Individuen met hemofilie of andere aangeboren bloedingsstoornissen die seronegatief zijn voor HBV, moeten tegen HBV worden gevaccineerd. Als de immunisatie tegen HBV niet bij de geboorte is gestart, start dan de HepB-vaccinreeks op het moment dat hemofilie of andere aangeboren bloedingsstoornissen worden gediagnosticeerd. Verbeterde donorscreening, effectievere virusinactivatieprocedures en/of zuiverings- of filtratieprocedures hebben het risico op overdracht van door bloed overgedragen virussen (HBV, HCV, HIV) door uit plasma afkomstige stollingsfactoren verminderd, maar niet volledig geëlimineerd. De Medical and Scientific Advisory Council (MASAC) van de National Hemophilia Foundation beveelt postvaccinatietests aan bij personen met hemofilie en stelt dat non-responders (dat wil zeggen degenen die niet reageren op de primaire HepB-vaccinserie) ≥1 extra dosis van het vaccin moeten krijgen. (Zie Serologische tests vóór en na de vaccinatie onder Waarschuwingen.)

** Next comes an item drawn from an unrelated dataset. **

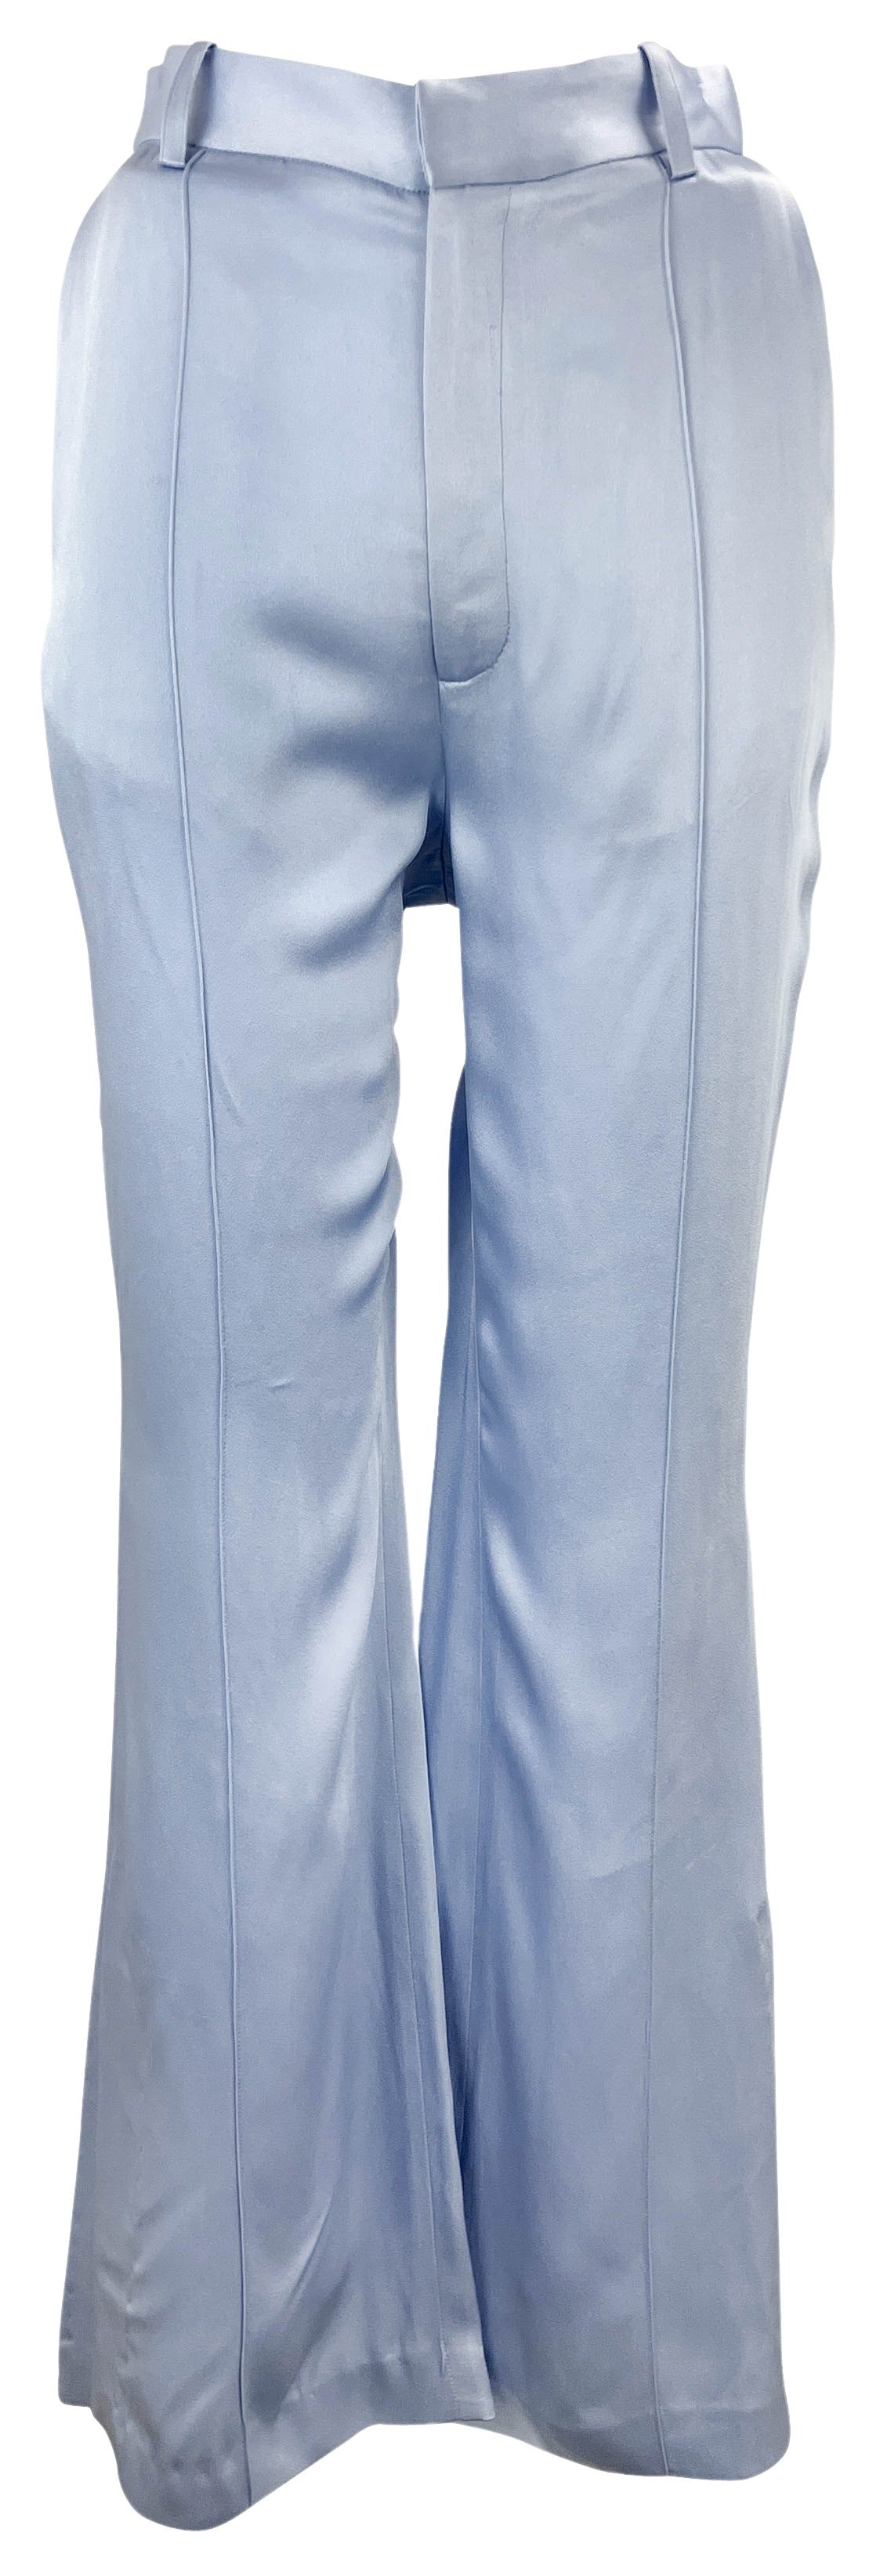 LAPOINTE Satin Trousers in Light Blue - Discounts on LaPointe at UAL
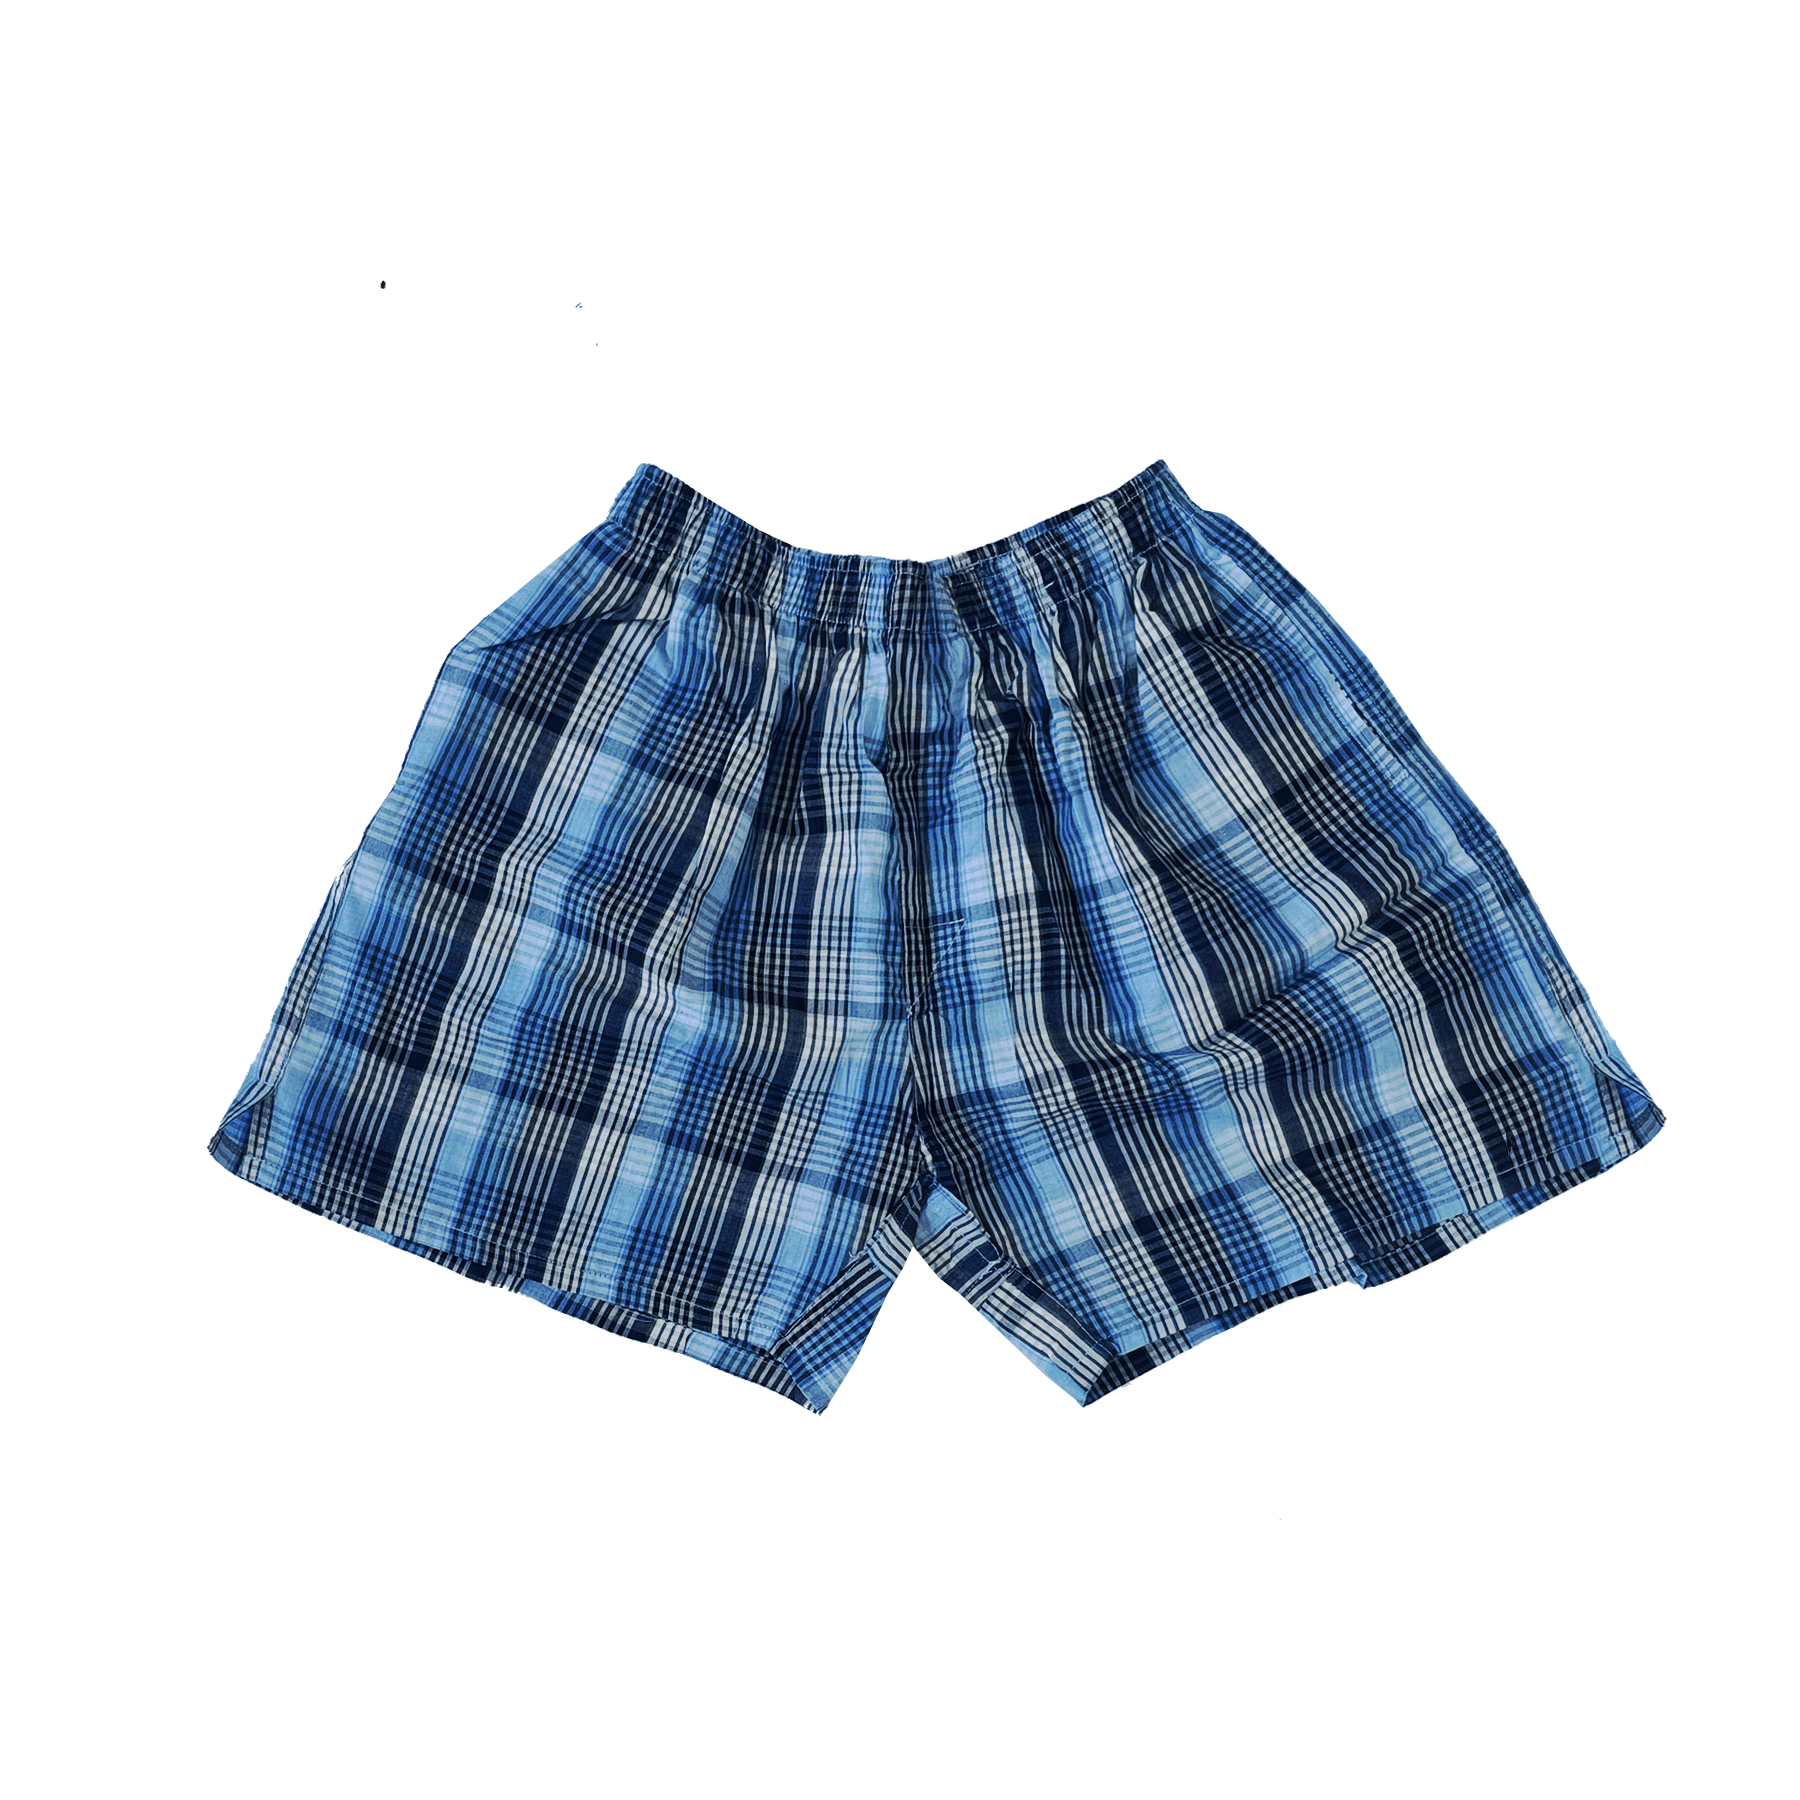 Man Short Pants Fast Delivery Quick Dry Cheap Price Oem Each One In Opp Bag Made In Vietnam Manufacturer 4

Patiënten en personeel van hemodialyse-, orgaantransplantatie- of oncologieafdelingen lopen een hoog risico op blootstelling aan HBsAg-positieve materialen en gevaccineerd moeten worden tegen HBV. Hoewel de door vaccinatie geïnduceerde seroconversiepercentages en anti-HBs-titers lager zijn bij hemodialysepatiënten dan bij gezonde personen, biedt vaccinatie bescherming tegen HBV-infectie bij responders en vermindert de noodzaak voor frequente serologische screening. ACIP beveelt aan om potentiële kandidaten zo vroeg mogelijk in het beloop van hun nierziekte te identificeren; er zijn aanwijzingen dat hogere seroconversiepercentages en anti-HBs-titers worden bereikt bij uremische patiënten als zij worden gevaccineerd voordat dialyse nodig is.

Bewoners en personeel van instellingen voor ontwikkelingsgehandicapten, inclusief degenen in kleine (groeps) woonomgevingen, lopen een hoog risico op blootstelling aan HBsAg-positieve materialen en moeten worden gevaccineerd. Bewoners die uit residentiële instellingen naar gemeenschapsinstellingen worden ontslagen, moeten worden gescreend op HBsAg, zodat passende maatregelen kunnen worden genomen om overdracht in de gemeenschap te voorkomen; dergelijke maatregelen omvatten zowel milieucontroles als passende vaccinatie.

Klascontacten (leraren of klasgenoten) van agressieve, gedeïnstitutionaliseerde, ontwikkelingsgehandicapte individuen lopen een hoog risico op blootstelling aan HBsAg-positieve materialen. HBV-vaccinatie van klascontacten van HBsAg-dragers wordt sterk aangemoedigd wanneer de drager agressief is of speciale medische problemen heeft die het risico op blootstelling aan hun bloed of sereuze afscheidingen vergroten. Bovendien loopt personeel van niet-residentiële dagopvangprogramma's (bijv. scholen, beschutte werkplaatsen voor ontwikkelingsgehandicapten) waar bekende HBsAg-dragers aanwezig zijn, een infectierisico dat vergelijkbaar is met dat van gezondheidszorgpersoneel en moet worden gevaccineerd. Overweeg ook vaccinatie van andere ingeschrevenen in dergelijke dagopvangprogramma's.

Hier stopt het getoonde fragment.